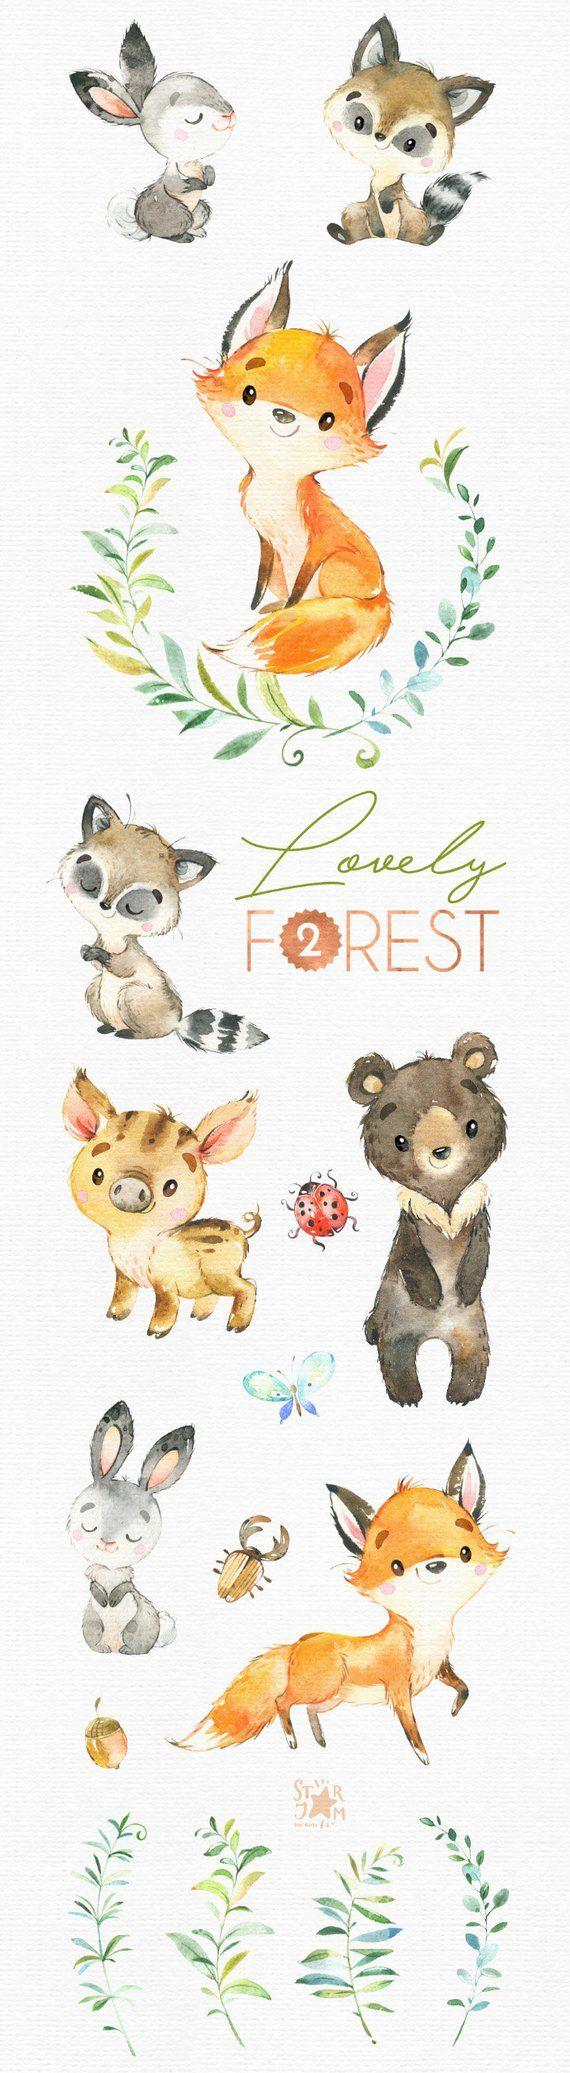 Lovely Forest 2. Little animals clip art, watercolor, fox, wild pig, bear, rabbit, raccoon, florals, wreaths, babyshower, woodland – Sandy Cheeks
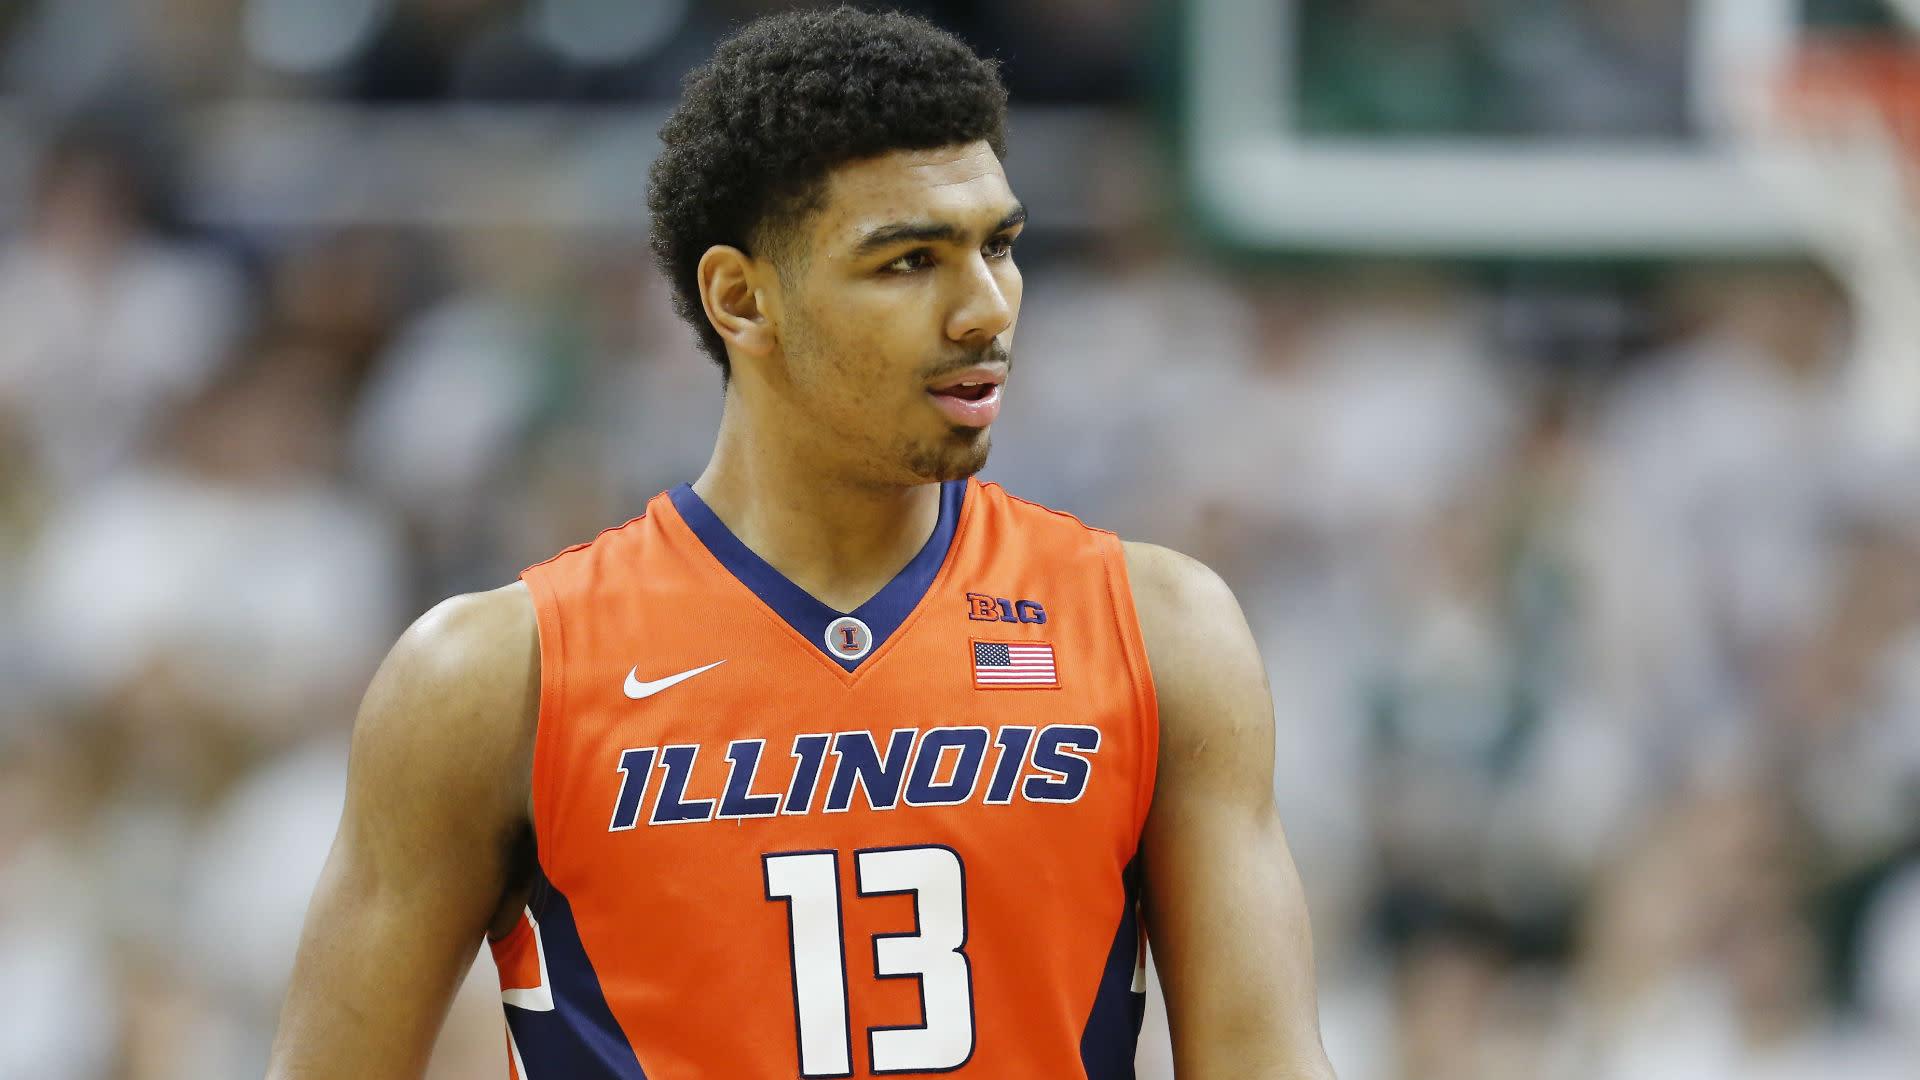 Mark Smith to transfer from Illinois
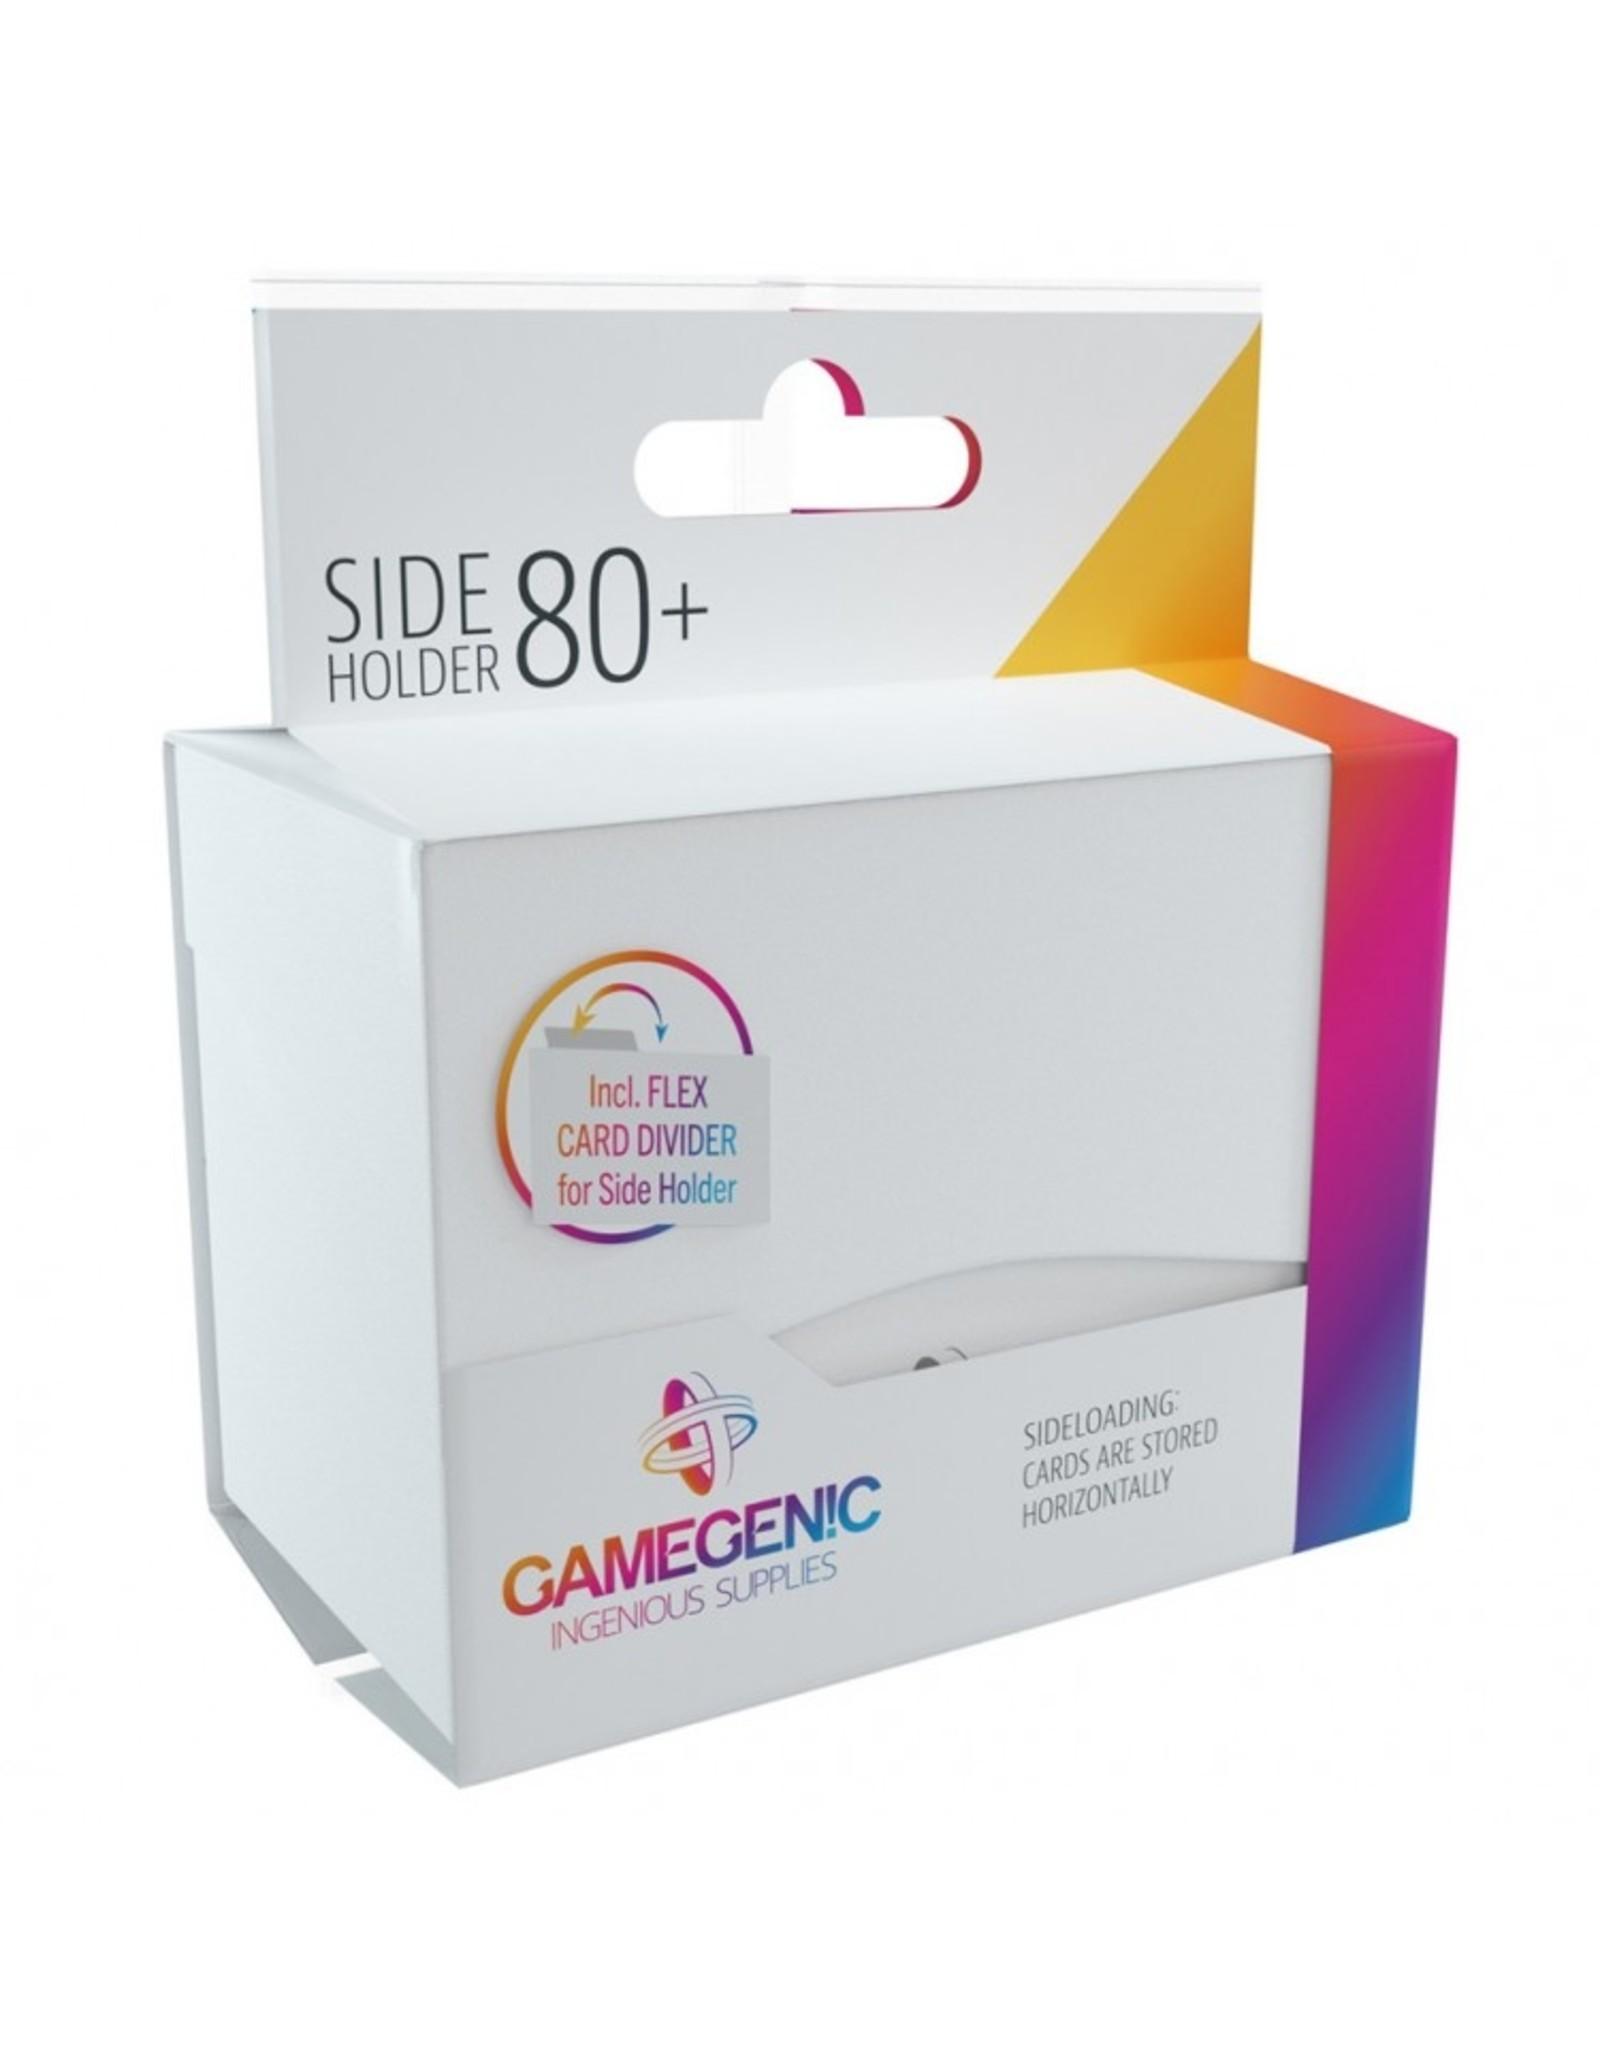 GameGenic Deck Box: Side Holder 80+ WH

#####

Output nothing but an exact retyping of the material, pictures excluded.

> [Response below]:
 Lovely Forest 2. Little animals clip art, watercolor, fox, wild pig, bear, rabbit, raccoon, florals, wreaths, babyshower, woodland – Sandy Cheeks
 Mark Smith to transfer from Illinois
 GameGenic Deck Box: Side Holder 80+ WH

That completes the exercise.